The site of Kalavasos-Tenta was initially excavated in 1947 by P. Dikaios for the Department of Antiquities. Research stopped for many years until 1976 when the Vasilikos Valley Project commenced with the fieldwork of the Vasilikos Valley Project by the American Mission of the University of Brandeis under the direction of Prof. Ian Todd. The aim of the project, which is still in process, is to undertake multidisciplinary studies in the valley as a whole, including the area from the Kalavasos copper mines down to the coast.
Together with Choirokoitia, Kalavasos-Tenta provides evidence for the initial establishment, at the end of the 7th millennium B.C., of sedentary communities on the island, who originated from the neighbouring mainland.
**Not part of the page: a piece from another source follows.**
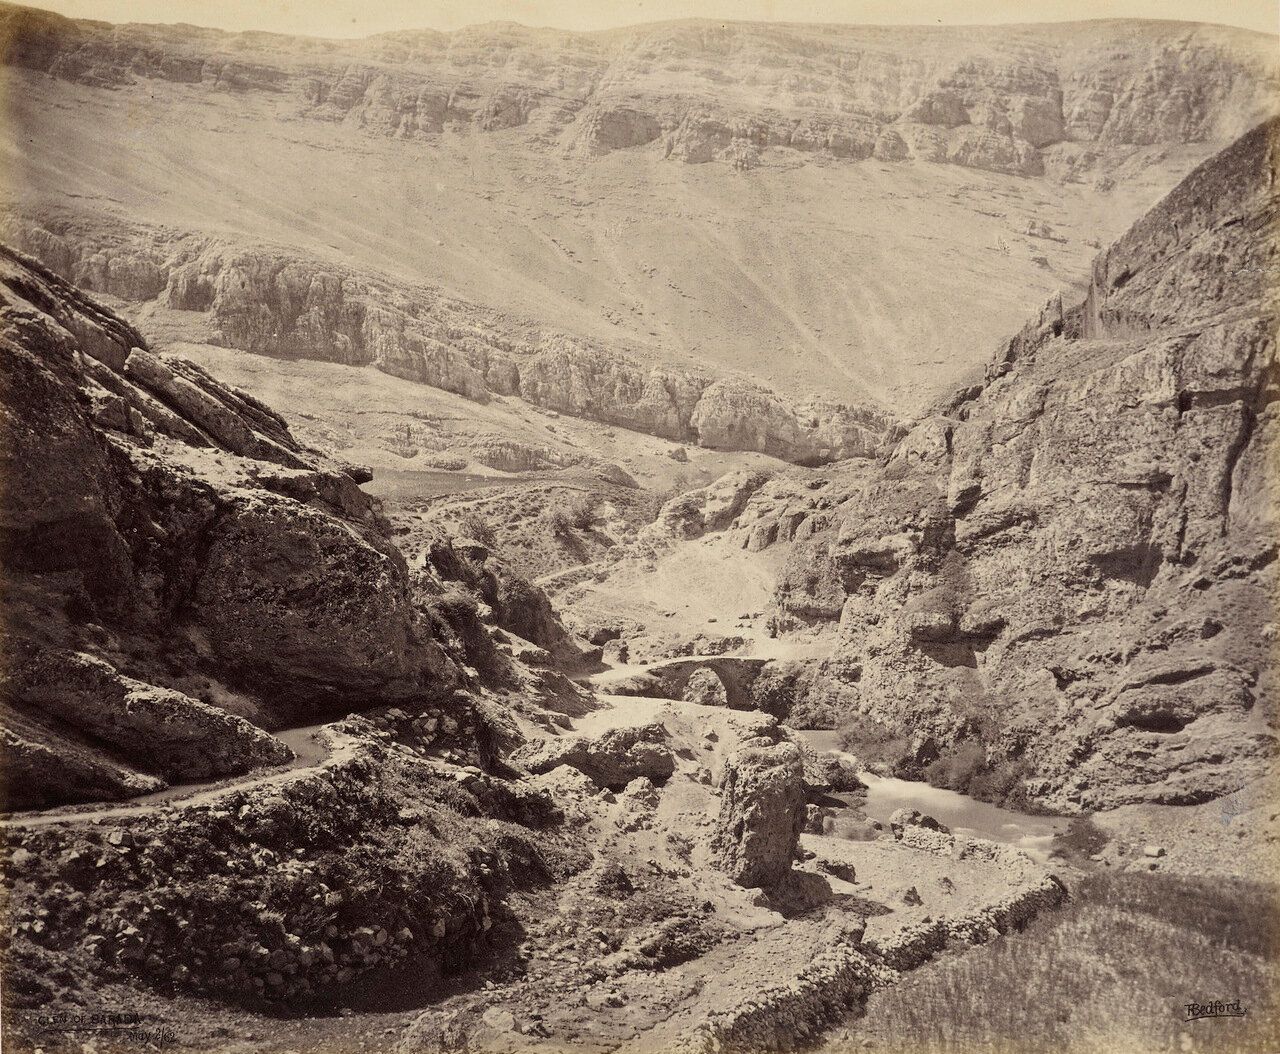 2 мая 1862. Долина реки Барада. Сирия

These communities developed an original civilisation: the Cypriote Aceramic Neolithic. The settlement is surrounded by walls and consists of a compound of buildings with simple circular or double circular ground plans built with sun-dried mudbrick or stone or a combination of both. The roof was flat and was made of a wooden frame consisting of branches, reeds, pisé and earth. The roofs were principally flat but some buildings had domed roofs. The interior of the buildings had double rectilinear piers, which supported a partial upper wooden floor, hearths and benches. The plastered surfaces of the walls were occasionally embellished with painted decoration as in the case of one house where the wall-painting depicting two human figures with upraised hands has survived. The dead were buried beneath the floor of houses or in the open space between domestic buildings.
Like Choirokitia, the inhabitants of Kalavasos-Tenta used diabase, a hard stone, for manufacturing stone vessels, which constitute a particular characteristic of the Cypriote Aceramic Neolithic. Picrolite a smooth green stone, found in abundance in the Kouris river-bed west of Lemesos, was used for jewellery-making. The civilisation of Kalavasos-Tenta suddenly vanished at the end of the Aceramic period simultaneously with Choirokoitia, and no adequate explanation has been given regarding its disappearance. Kalavasos-Tenta, like other Aceramic sites on the island, was abandoned and the island appears to have remained free from human presence for a long time, until the emergence of a new civilisation: the Ceramic Neolithic.
During 1994 and 1995 a pyramidal roof, financed by the Department of Antiquities and the A.G. Leventis Foundation, was constructed over the site for its better protection.